I can’t remember whether that is the very last scene, or if there is a scene with the other characters that makes it clear that both Rhoda and Christine are, in fact, dead. I think in the novelization, it is made absolutely clear, but I don’t know whether the intent of the playwright is to make it slightly ambiguous whether Rhoda actually died of the sleeping pills, or just not to show us anyone’s grief, as at that point it would be gratuitous-- after all, he wrote such a wrenching scene with Claude’s mother, I can’t imagine what he write for Rhoda’s father.
I have seen the movie three or four times, most recently about two or three years ago.

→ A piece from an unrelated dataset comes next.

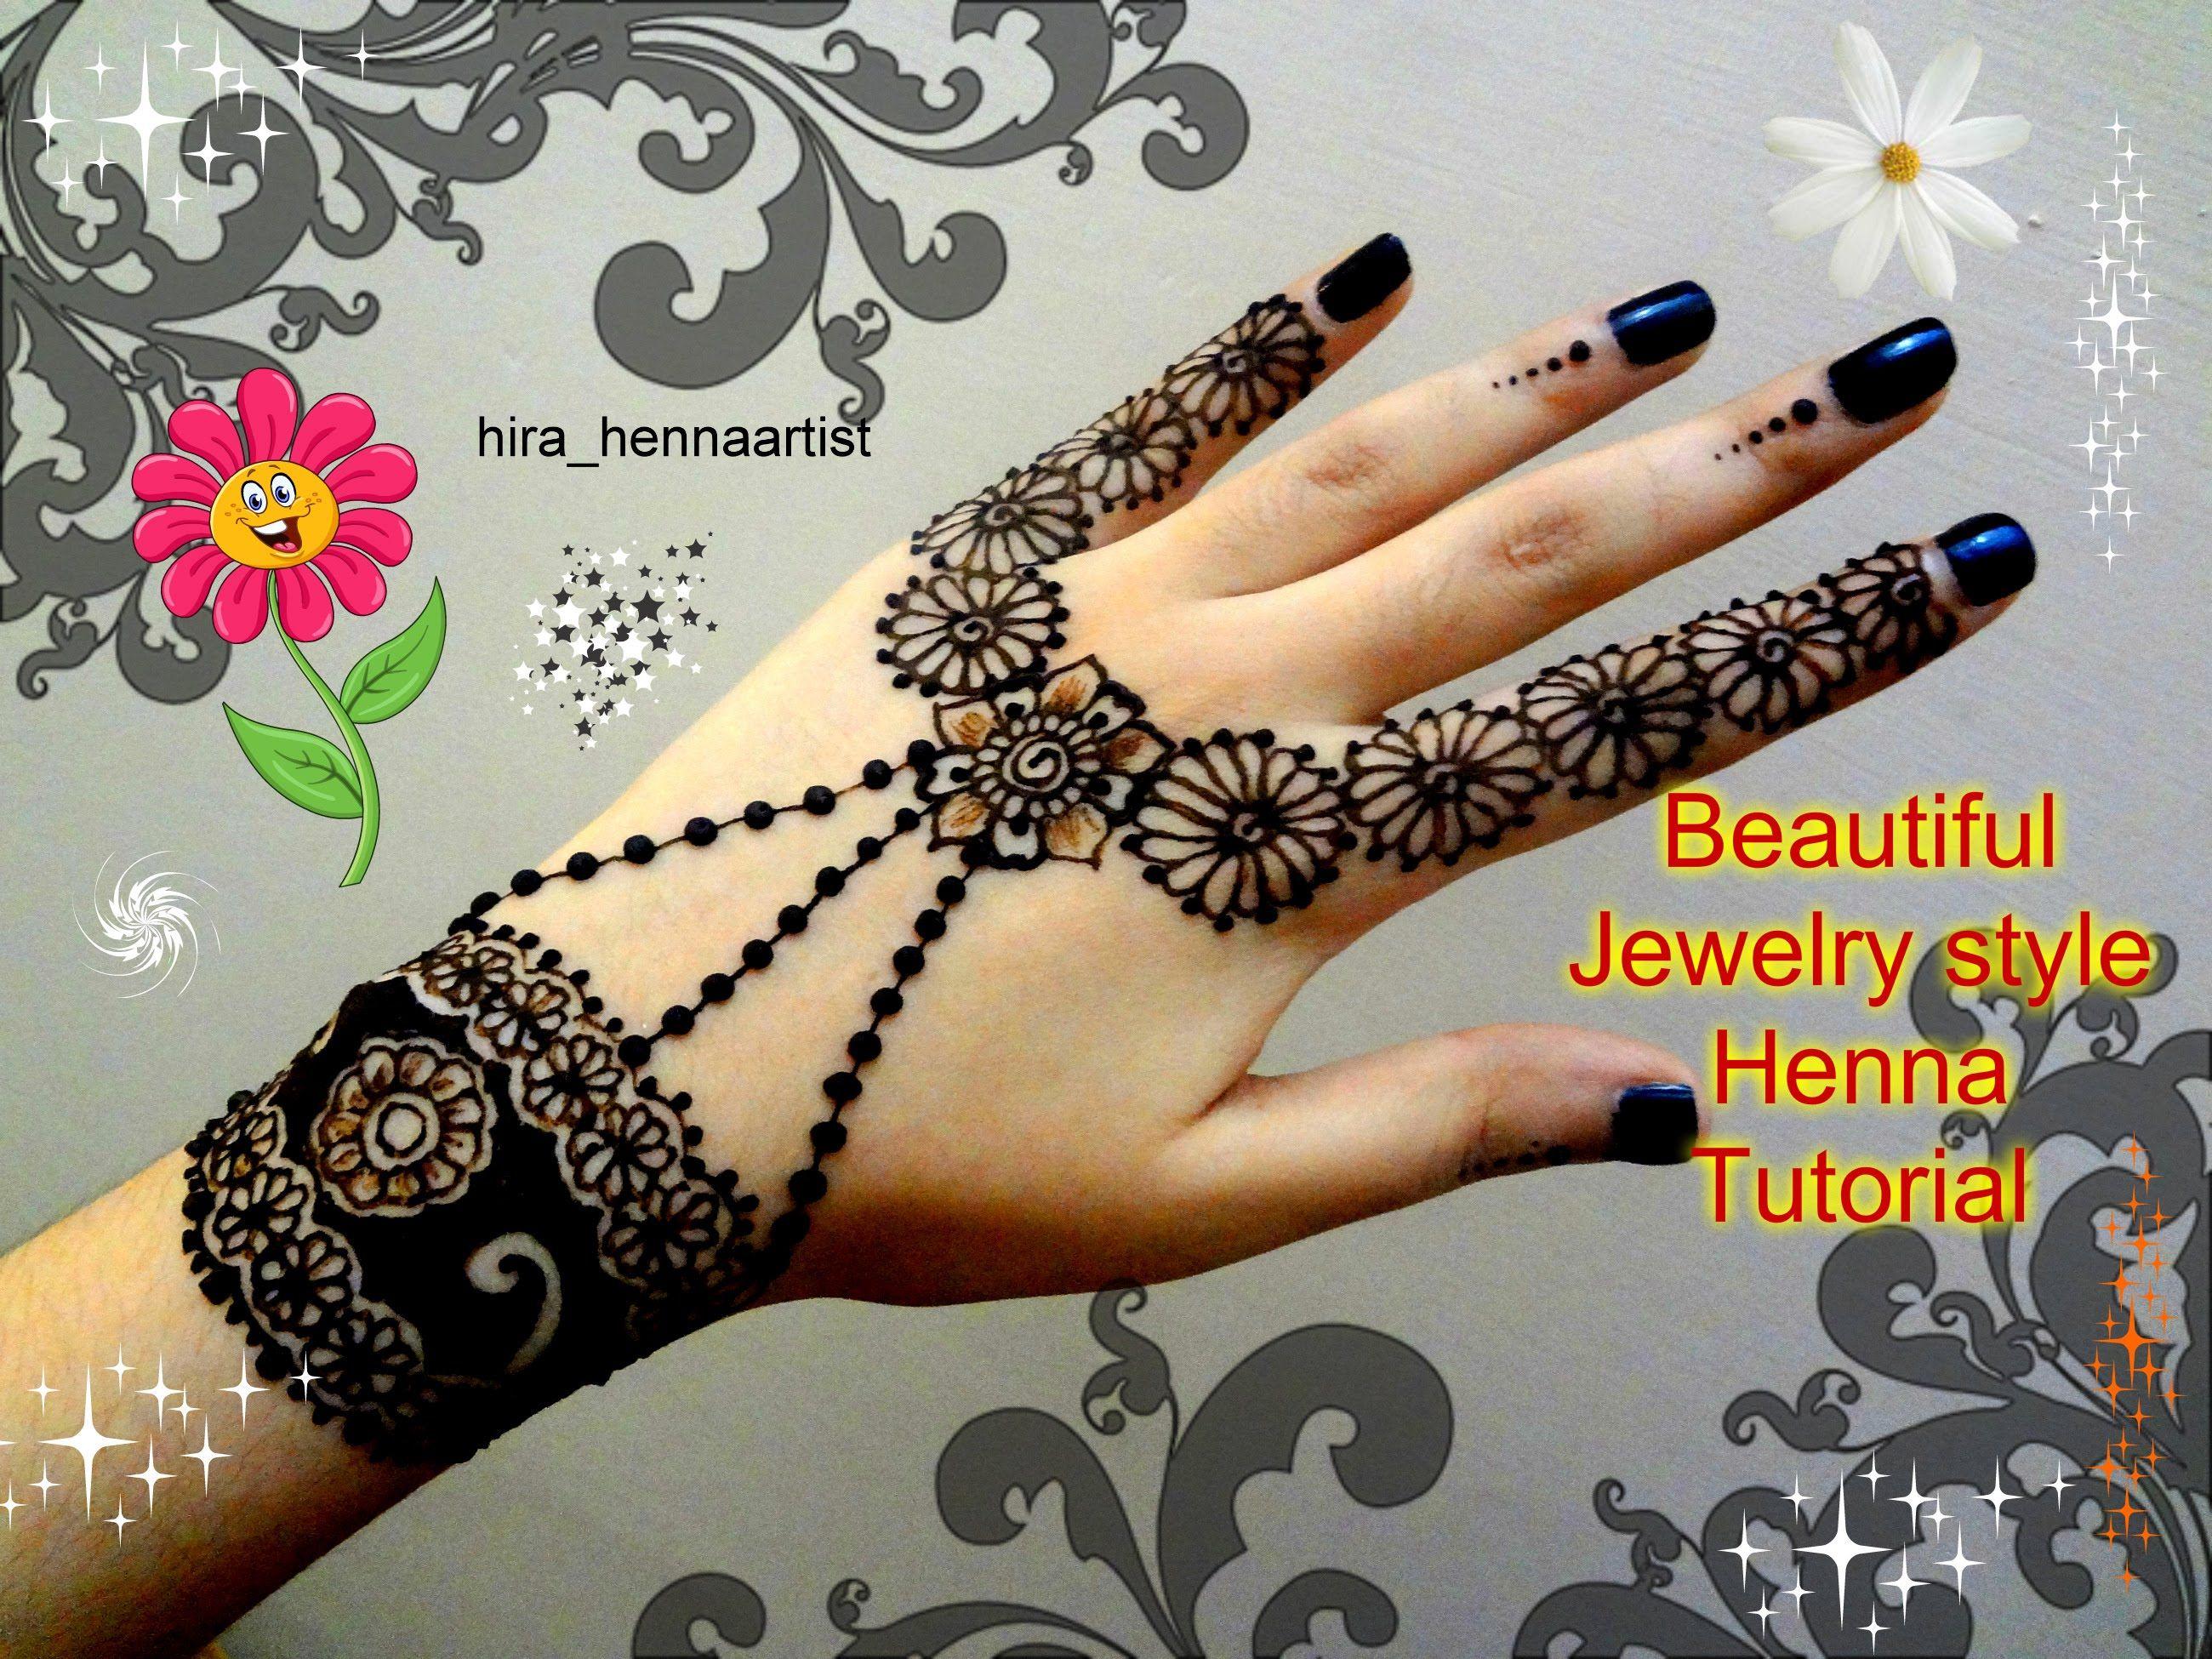 Party Mehndi Cone : Henna diy beautiful jewelry inspired mehndi tutorial for eid
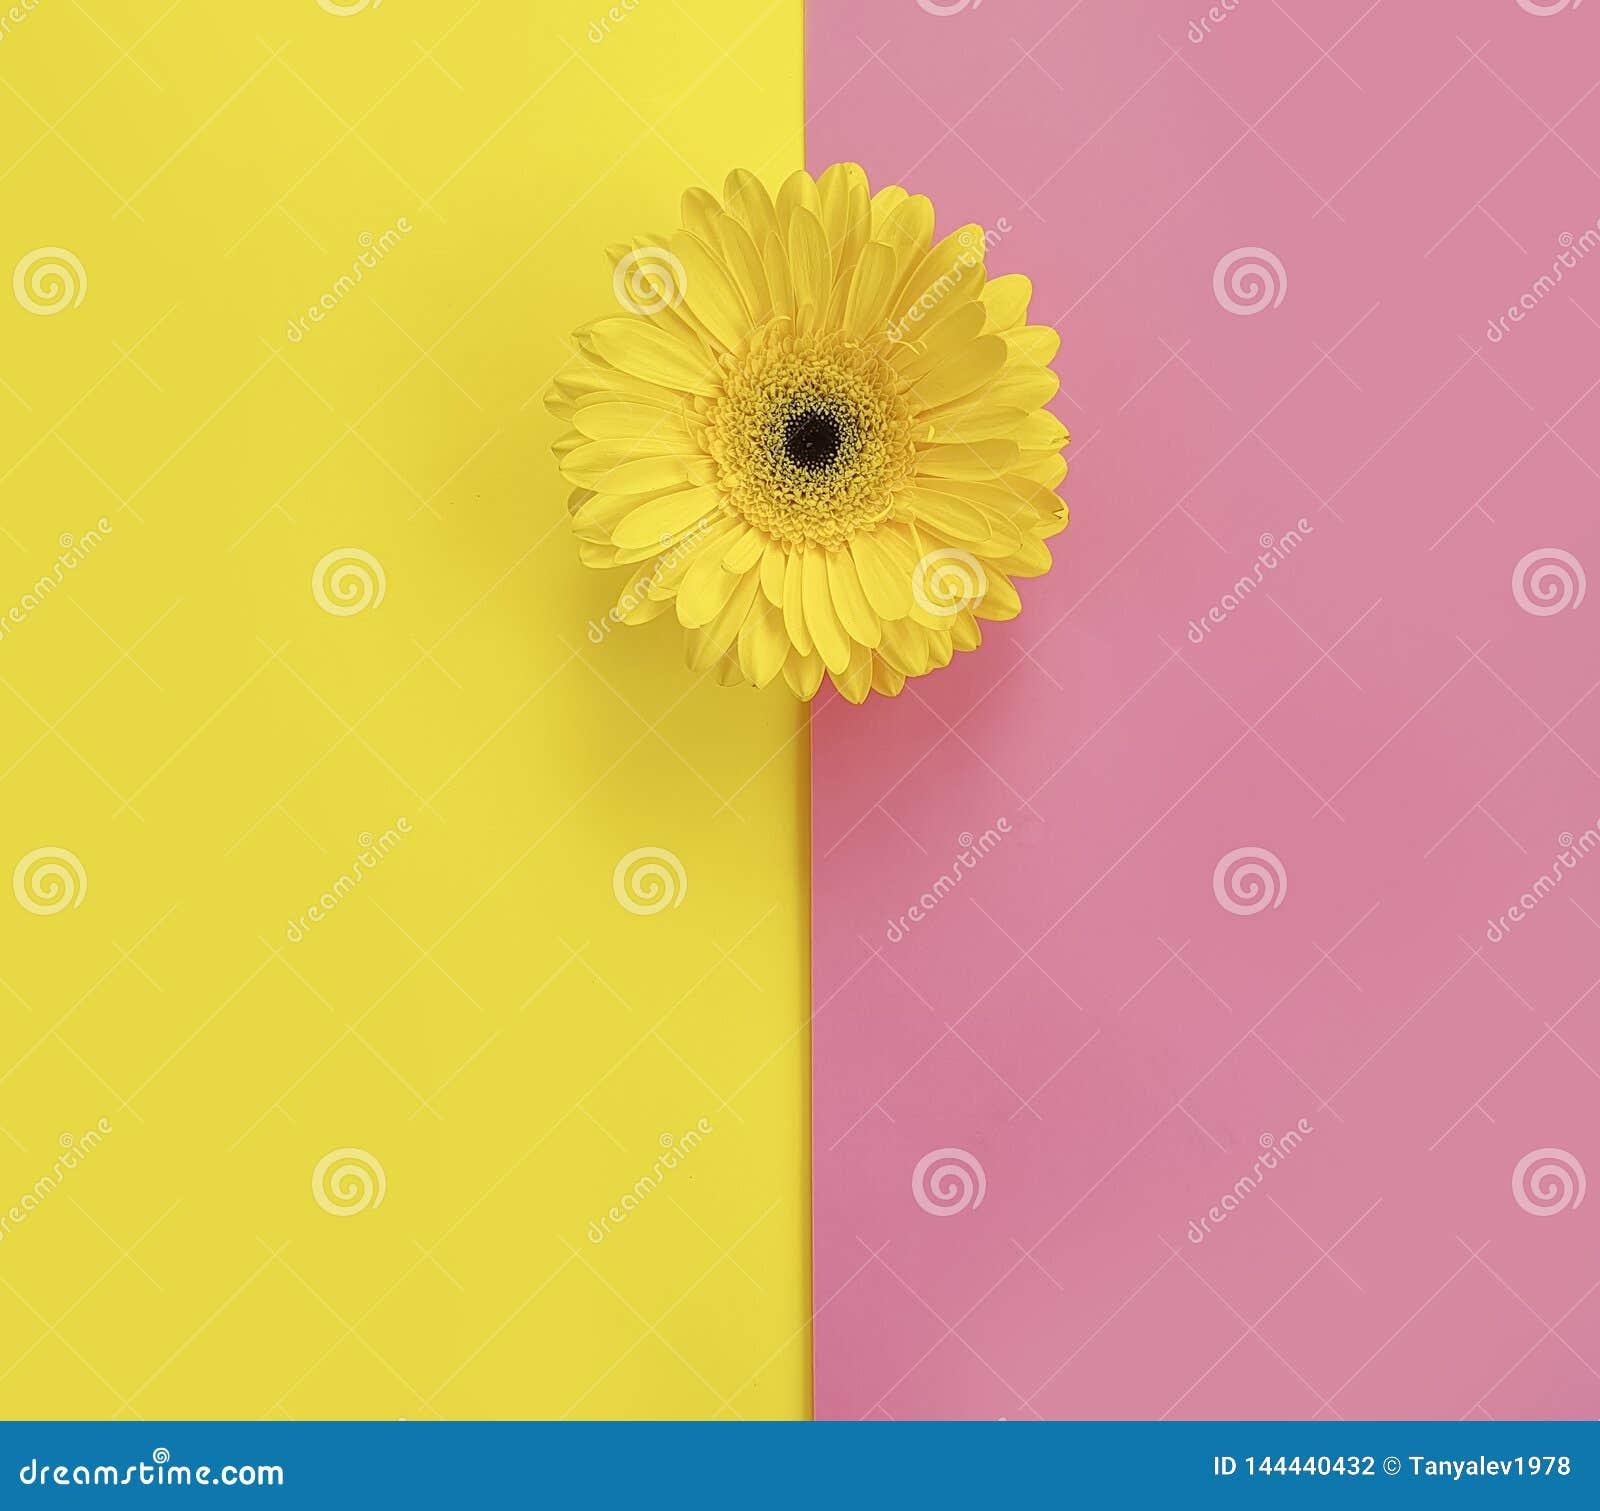 Flower gerbera on colorful texture romantic spring background beautiful minimalism creative

I saw the play only once, though. It was a university production, and very good-- high production values, and seniors and grad students in acting at a pretty decent state school, which has turned out some very good performers. Not Yale drama, but not a community theater production either. Anyway, it was either when I was a student, or shortly thereafter, so it was about 30 years ago.
I read the novelization when I was around 30, so maybe 24 years ago.
I do have a pretty good memory for such things, but I also sometimes conflate things when they were that long ago. It’s also not impossible that different endings for the play exist: if the playwright wanted to end it with both dead, and the producer wanted both to live, they could have compromised with only Christine living, but may have written all three endings, and the distribution company offered all three endings to producers and directors who wanted to rent the script-- or get permission to put on an amateur production for free, like a high school production-- so actually, all those endings may be out there.
I’m not saying they are, just that I know from doing theater in high school that when you book a script, sometimes you are offered multiple endings, or scenes that are either alternate version of scenes, or additional scenes that can be included or left out.